Sweet Potato Fries with Lime Aioli

After eating sweet potato fries in restaurants numerous times, I decided it was time to try my hand at making them. However, I was determined not to bake them. That’s cheating. I wanted real, restaurant-quality fried sweet potato fries. So I bought a tub of palm shortening (because #Paleo), burned myself several times, and ultimately ended up with these delicious, bacon-y, salty sweet potato fries.

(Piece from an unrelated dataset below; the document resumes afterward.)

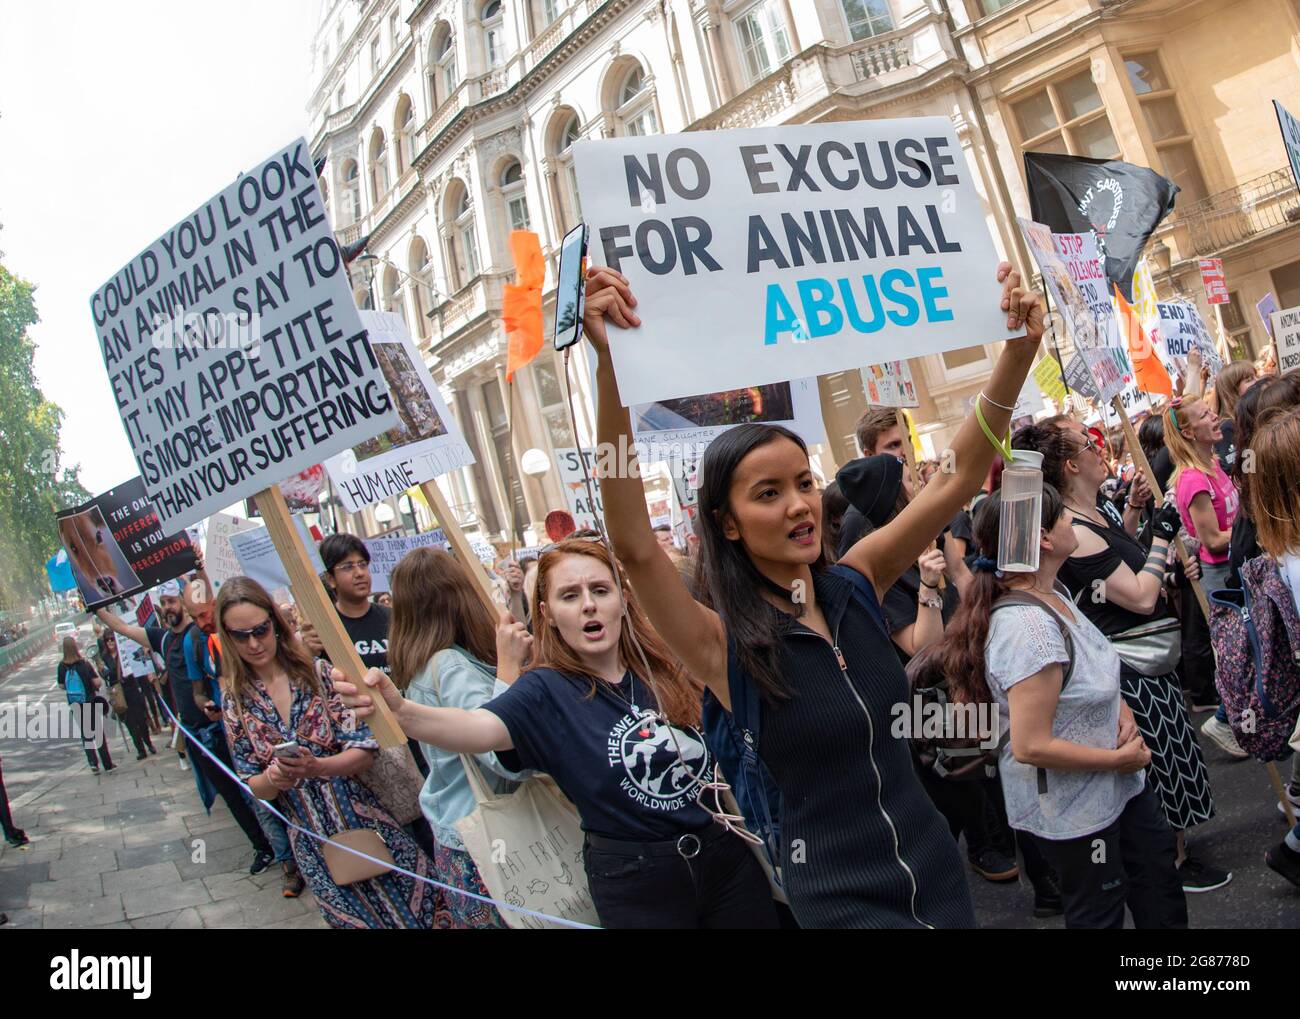 The Official Animal Rights March London 2019.  Activists marching through UK’s capital city on 17th August 2019. No Excuse for Animal Abuse. Stock Photo

The secret is to fry them twice for optimum crispiness. Full disclosure: this was the first time I ever deep fried anything in my life and it’s a little harder than you’d imagine. Just get yourself a cooking thermometer and don’t be too hurt if you add another burn scar to your cooking wound collection. Think of it as a symbol of a job well-done.

Level: Easy

Prep Time: 5 minutes
Rest Time: 30-60 minutes
Cook Time: 6-8 minutes
Total Time: approximately 45-75 minutes

Servings: 4

Ingredients:
For the fries
2-3 large sweet potatoes
5 slices bacon
1 container palm shortening
salt, to taste
For the aioli
2 egg yolks
1/2 teaspoon salt
1 tablespoon lime juice
zest from 1 lime
1 clove garlic
3/4-1 cup olive oil

Directions:

  1. Peel sweet potato.
  2. Chop ends off of sweet potato, and then chop sweet potato in half horizontally. This will make the sweet potato easier to manipulate while chopping.
  3. Slice your sweet potato halves vertically this time, doing your best to make each slice about 1⁄2 inch wide.
  4. Next cut vertically again, about 1⁄2 inch wide so slices look like fries.
  5. Continue chopping in this way until you’ve sliced all of your sweet potatoes.sweetpotato1
  6. Place cut fries in a large bowl.
  7. Fill bowl with ice cold water and ice cubes.
  8. Set bowl in the refrigerator for 30 minutes to 1 hour. This process removes starch from the fries so they can get crispy.
  9. While fries are in the refrigerator, add all aioli ingredients except olive oil to your food processor.sweetpotato
  10. Pulse a few times until ingredients are fully combined.
  11. Once ingredients are combined, turn food processor on and slowly add olive oil in a thin stream until all used.
  12. Remove finished aioli to a separate bowl and chill in the fridge, if desired.
  13. After fries have chilled for 30 minutes to 1 hour, remove to a baking sheet lined with paper towels to absorb water.
  14. Pat fries with a towel to get them as dry as possible.
  15. Add container of palm shortening to a medium sauce or sauté pan on high heat.
  16. Using a thermometer, bring the temperature of the shortening up to 350 degrees. If you overshoot this temperature, it is okay because it will go back down once the fries are added.
  17. Once shortening is at your desired temperature, add a small batch of fries.
  18. Let fries cook in oil for 3-4 minutes.
  19. In the meantime, prepare another baking sheet with paper towels to absorb the grease.
  20. Once fries have been in oil for 3-4 minutes, remove to the baking sheet.
  21. Repeat this process until all fries have made it into the oil and onto the baking sheet.
  22. While fries are cooling, add bacon to oil.
  23. Fry bacon for approximately 2 minutes, or until cooked fully. Keep an eye on the bacon, as it can cook faster depending on the thickness.
  24. Remove cooked bacon to another plate lined with paper towels to absorb the grease.
  25. Raise temperature of shortening to 375-400 degrees.
  26. Add fries again in small batches, frying for an additional 3-4 minutes, or until golden brown.
  27. Repeat again until all fries have been fried twice and removed to the baking sheet.
  28. Chop crispy fried bacon as small as possible, ideally to the same size as your salt.
  29. In a large bowl, add cooked fries, chopped bacon, and salt.
  30. Toss until seasoning is distributed over fries.
  31. Remove to a plate and serve with aioli.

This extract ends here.